• [Dataset entries]
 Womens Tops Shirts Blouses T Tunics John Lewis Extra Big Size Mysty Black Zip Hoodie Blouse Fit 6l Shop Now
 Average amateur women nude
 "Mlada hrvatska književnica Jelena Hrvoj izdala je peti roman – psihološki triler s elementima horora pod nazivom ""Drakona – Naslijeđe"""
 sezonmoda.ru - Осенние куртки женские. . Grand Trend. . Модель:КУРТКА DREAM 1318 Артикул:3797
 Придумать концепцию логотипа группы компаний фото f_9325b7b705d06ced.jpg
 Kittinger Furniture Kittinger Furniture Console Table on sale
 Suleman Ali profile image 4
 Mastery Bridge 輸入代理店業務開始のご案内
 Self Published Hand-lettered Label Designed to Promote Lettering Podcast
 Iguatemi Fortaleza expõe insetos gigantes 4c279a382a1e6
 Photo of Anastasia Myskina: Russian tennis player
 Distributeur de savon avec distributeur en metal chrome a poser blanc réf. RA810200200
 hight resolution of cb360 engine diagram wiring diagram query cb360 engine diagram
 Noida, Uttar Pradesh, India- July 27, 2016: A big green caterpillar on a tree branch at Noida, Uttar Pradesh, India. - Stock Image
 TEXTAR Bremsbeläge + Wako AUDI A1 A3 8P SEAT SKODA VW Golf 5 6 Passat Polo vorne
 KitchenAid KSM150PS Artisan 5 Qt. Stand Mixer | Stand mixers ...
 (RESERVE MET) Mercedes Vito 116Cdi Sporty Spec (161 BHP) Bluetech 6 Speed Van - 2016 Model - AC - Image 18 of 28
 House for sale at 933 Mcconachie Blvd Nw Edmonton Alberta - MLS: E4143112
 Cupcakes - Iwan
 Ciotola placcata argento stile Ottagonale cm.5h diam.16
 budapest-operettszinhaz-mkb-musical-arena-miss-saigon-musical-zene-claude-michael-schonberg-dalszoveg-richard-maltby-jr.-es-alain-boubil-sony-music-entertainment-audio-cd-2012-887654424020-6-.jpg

• [What is required] Tail of the listing, starting at the line with "TEXTAR Bremsbeläge +" and ending at the last line: output it exactly and add nothing.

• [Response to the task]
 TEXTAR Bremsbeläge + Wako AUDI A1 A3 8P SEAT SKODA VW Golf 5 6 Passat Polo vorne
 KitchenAid KSM150PS Artisan 5 Qt. Stand Mixer | Stand mixers ...
 (RESERVE MET) Mercedes Vito 116Cdi Sporty Spec (161 BHP) Bluetech 6 Speed Van - 2016 Model - AC - Image 18 of 28
 House for sale at 933 Mcconachie Blvd Nw Edmonton Alberta - MLS: E4143112
 Cupcakes - Iwan
 Ciotola placcata argento stile Ottagonale cm.5h diam.16
 budapest-operettszinhaz-mkb-musical-arena-miss-saigon-musical-zene-claude-michael-schonberg-dalszoveg-richard-maltby-jr.-es-alain-boubil-sony-music-entertainment-audio-cd-2012-887654424020-6-.jpg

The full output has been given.